= GOAL OF THE EXERCISE =
Locate the line that contains "Audi-E-Tron-S-and-E-Tron-S-Sportback-2020-39" in the entries below, then repeat it and every following line through the line that contains "7647303e Nike SB", exactly, and no others.

*** RECORDS FOR THIS EXERCISE ***

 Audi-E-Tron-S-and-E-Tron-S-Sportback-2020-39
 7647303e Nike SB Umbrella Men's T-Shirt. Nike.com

*** End of RECORDS FOR THIS EXERCISE ***
*** RECORDS FOR THIS EXERCISE ***

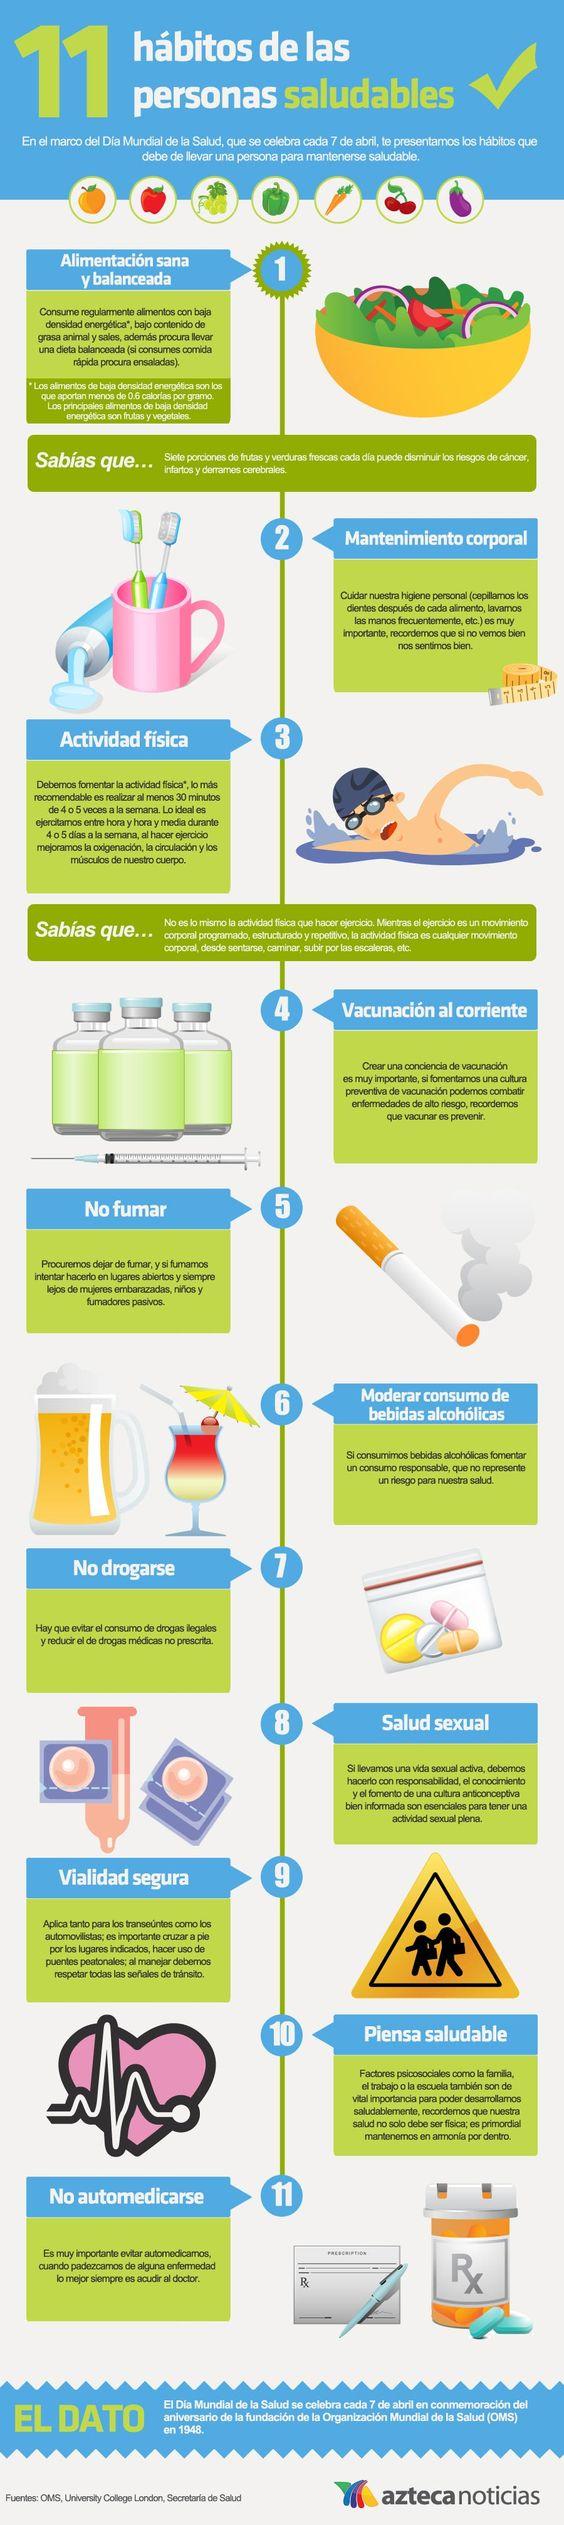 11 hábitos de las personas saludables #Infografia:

*** End of RECORDS FOR THIS EXERCISE ***
*** RECORDS FOR THIS EXERCISE ***

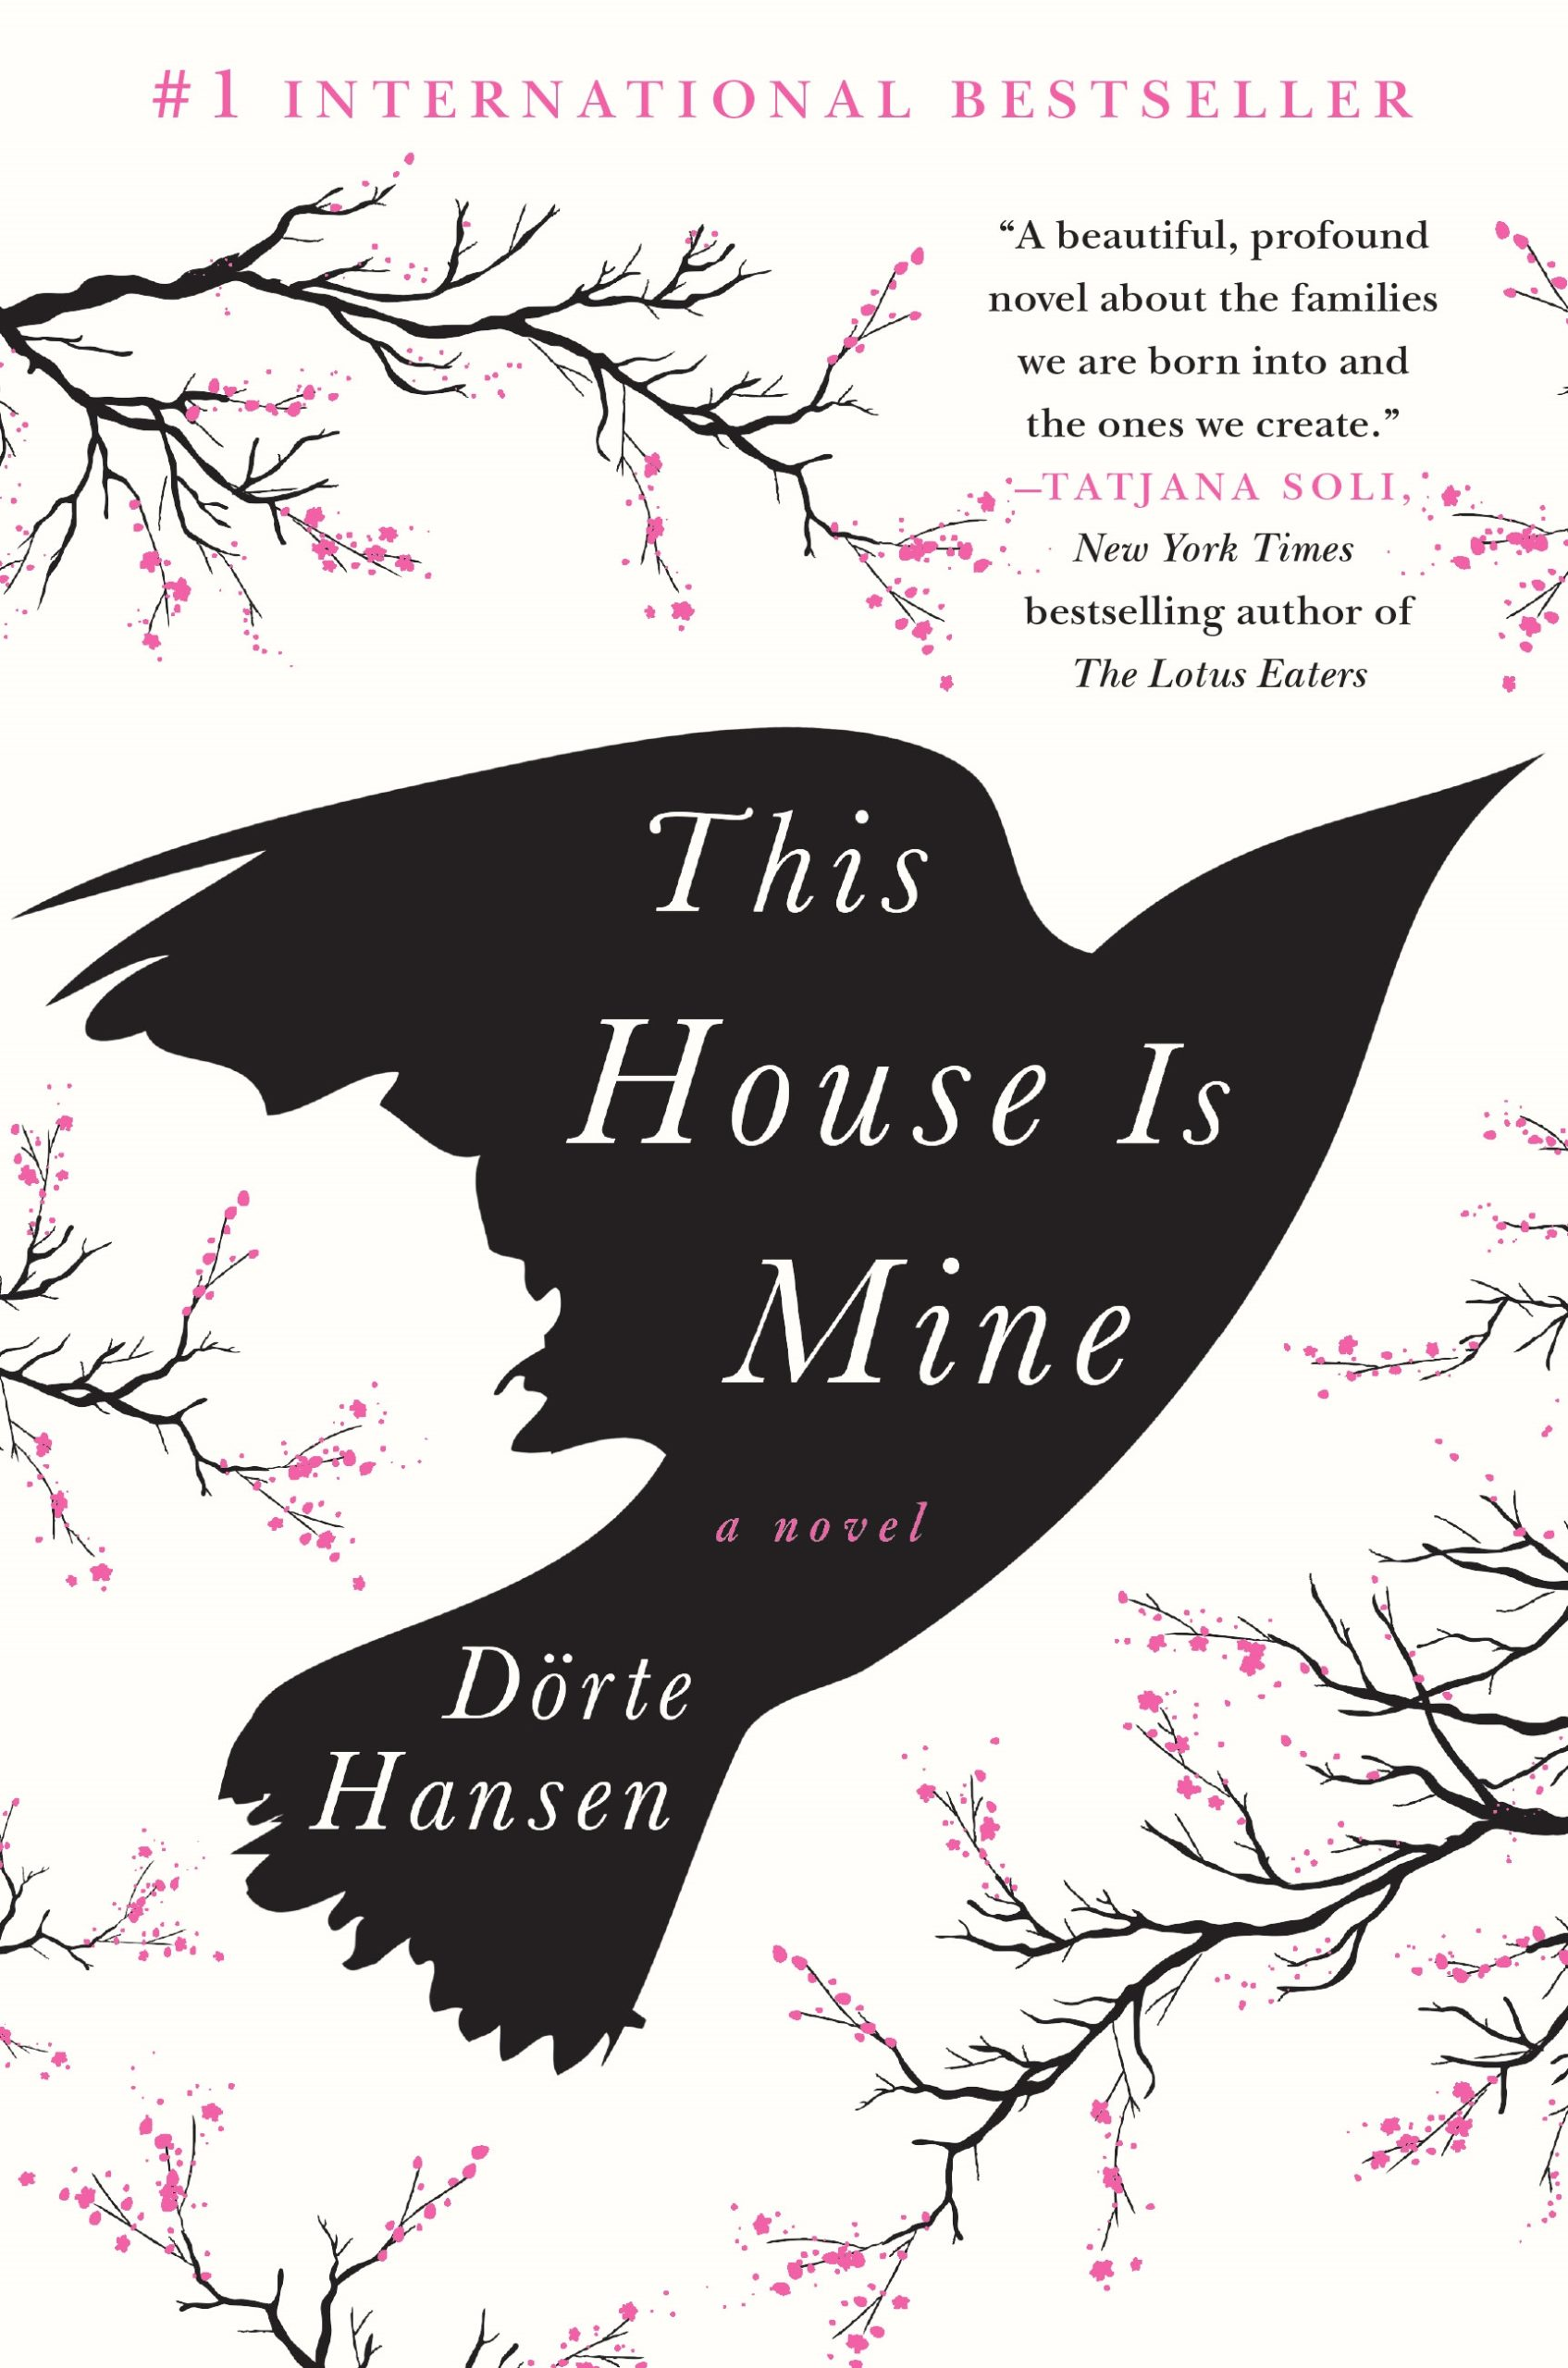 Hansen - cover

*** End of RECORDS FOR THIS EXERCISE ***

= WRITTEN ANSWER =
 Audi-E-Tron-S-and-E-Tron-S-Sportback-2020-39
 7647303e Nike SB Umbrella Men's T-Shirt. Nike.com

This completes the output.